The over-prescription of antibiotics for treatment of infections is primarily to blame for the increase in bacterial resistance. Added to the problem is the slow rate at which novel antibiotics are discovered and the many processes that need to be followed to classify antimicrobials safe for medical use. Xenorhabdus spp. of the family Enterobacteriaceae, mutualistically associated with entomopathogenic nematodes of the genus Steinernema, produce a variety of antibacterial peptides, including bacteriocins, depsipeptides, xenocoumacins and PAX (peptide antimicrobial-Xenorhabdus) peptides, plus additional secondary metabolites with antibacterial and antifungal activity. The secondary metabolites of some strains are active against protozoa and a few have anti-carcinogenic properties. It is thus not surprising that nematodes invaded by a single strain of a Xenorhabdus species are not infected by other microorganisms. In this review, the antimicrobial compounds produced by Xenorhabdus spp. are listed and the gene clusters involved in synthesis of these secondary metabolites are discussed. We also review growth conditions required for increased production of antimicrobial compounds.

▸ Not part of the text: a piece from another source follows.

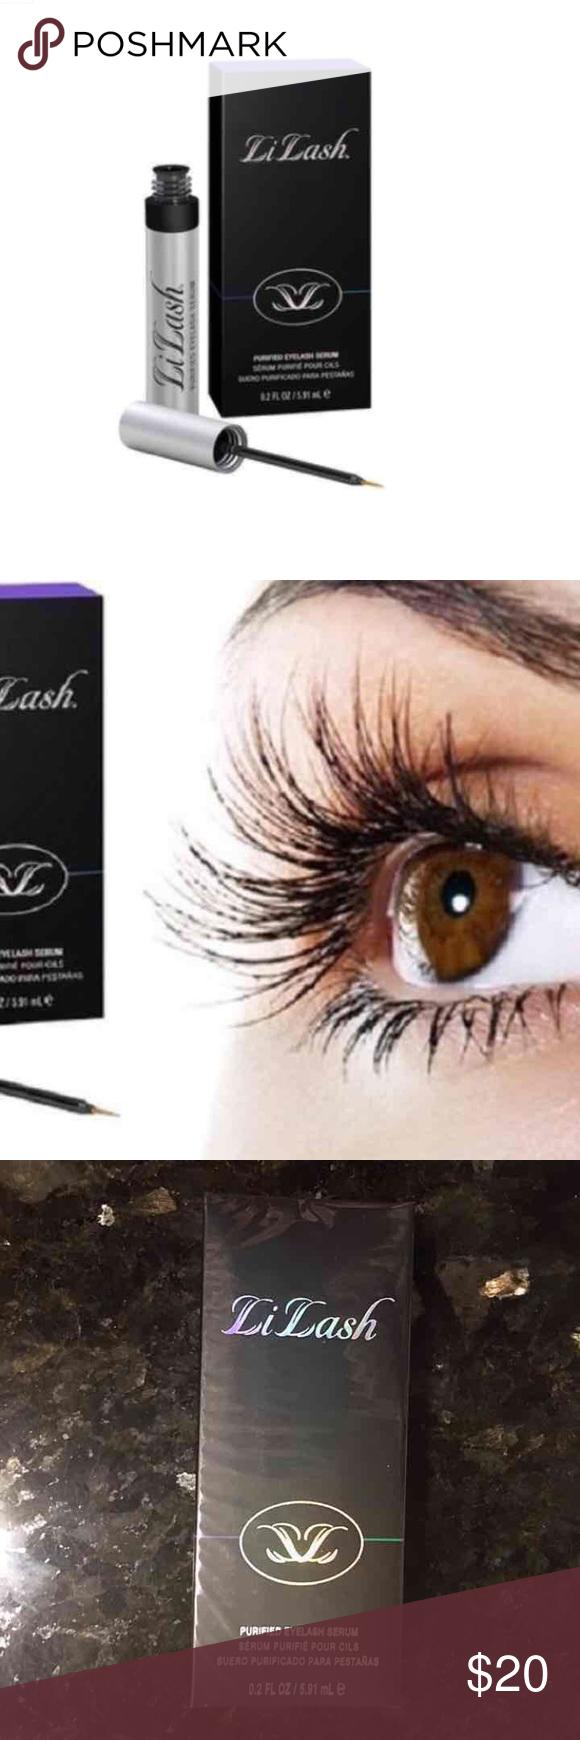 01695ba5b51 Lilash Eyelashes Growth Serum- BRAND NEW SEALED Brand New Lilash Purified Eyelash  Serum Unbelievable Results
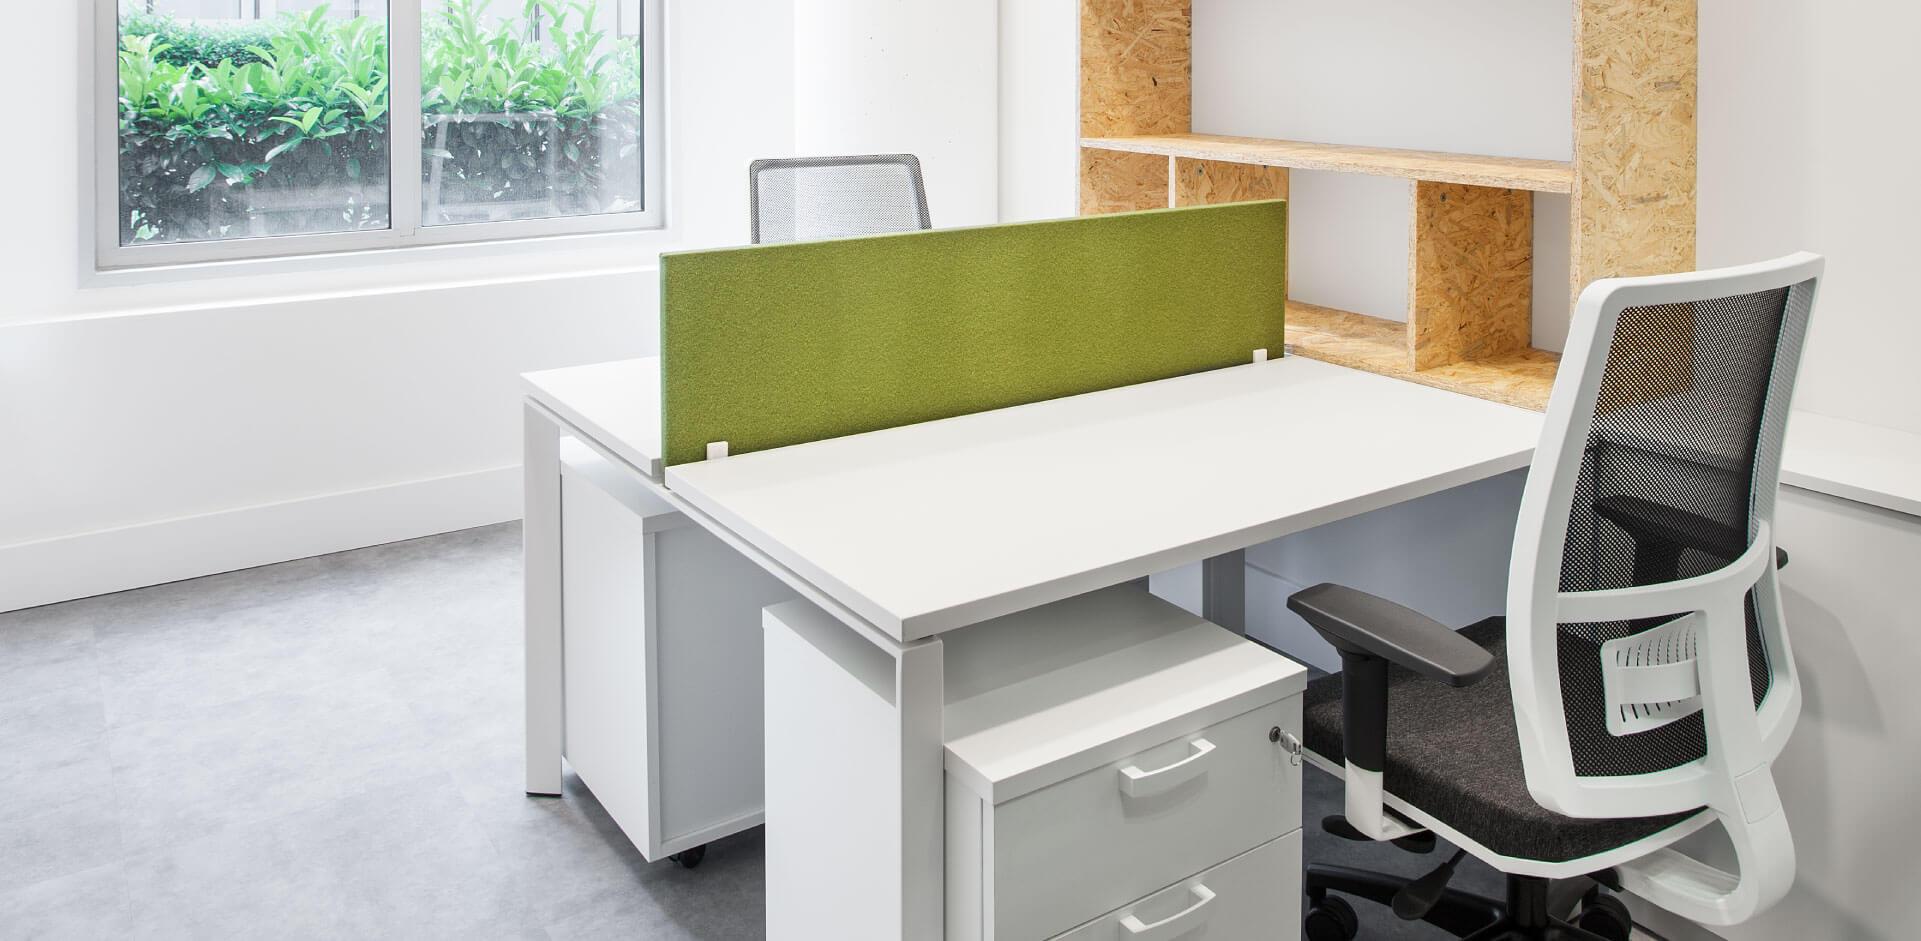 Despacho 2 Pax

抗生素过量用于治疗感染主要是因为细菌耐药性的增加。问题还出在，发现新抗生素的速度缓慢，并且需要遵循许多过程来对可安全用于医疗用途的抗生素进行分类。Xenorhabdus spp。肠杆菌科的线虫与Steinernema属的致病性线虫相互关联，可产生多种抗菌肽，包括细菌素，大肠埃希菌肽，异种香豆素和PAX（抗菌肽Xenorhabdus））肽，以及具有抗菌和抗真菌活性的其他次生代谢产物。一些菌株的次生代谢产物对原生动物具有活性，而少数具有抗癌性。因此，由Xenorhabdus单一菌株入侵的线虫没有被其他微生物感染就不足为奇了。在本综述中，Xenorhabdus spp生产的抗菌化合物。列出了这些次级代谢产物的合成所涉及的基因簇。我们还审查了增加抗菌化合物生产所需的生长条件。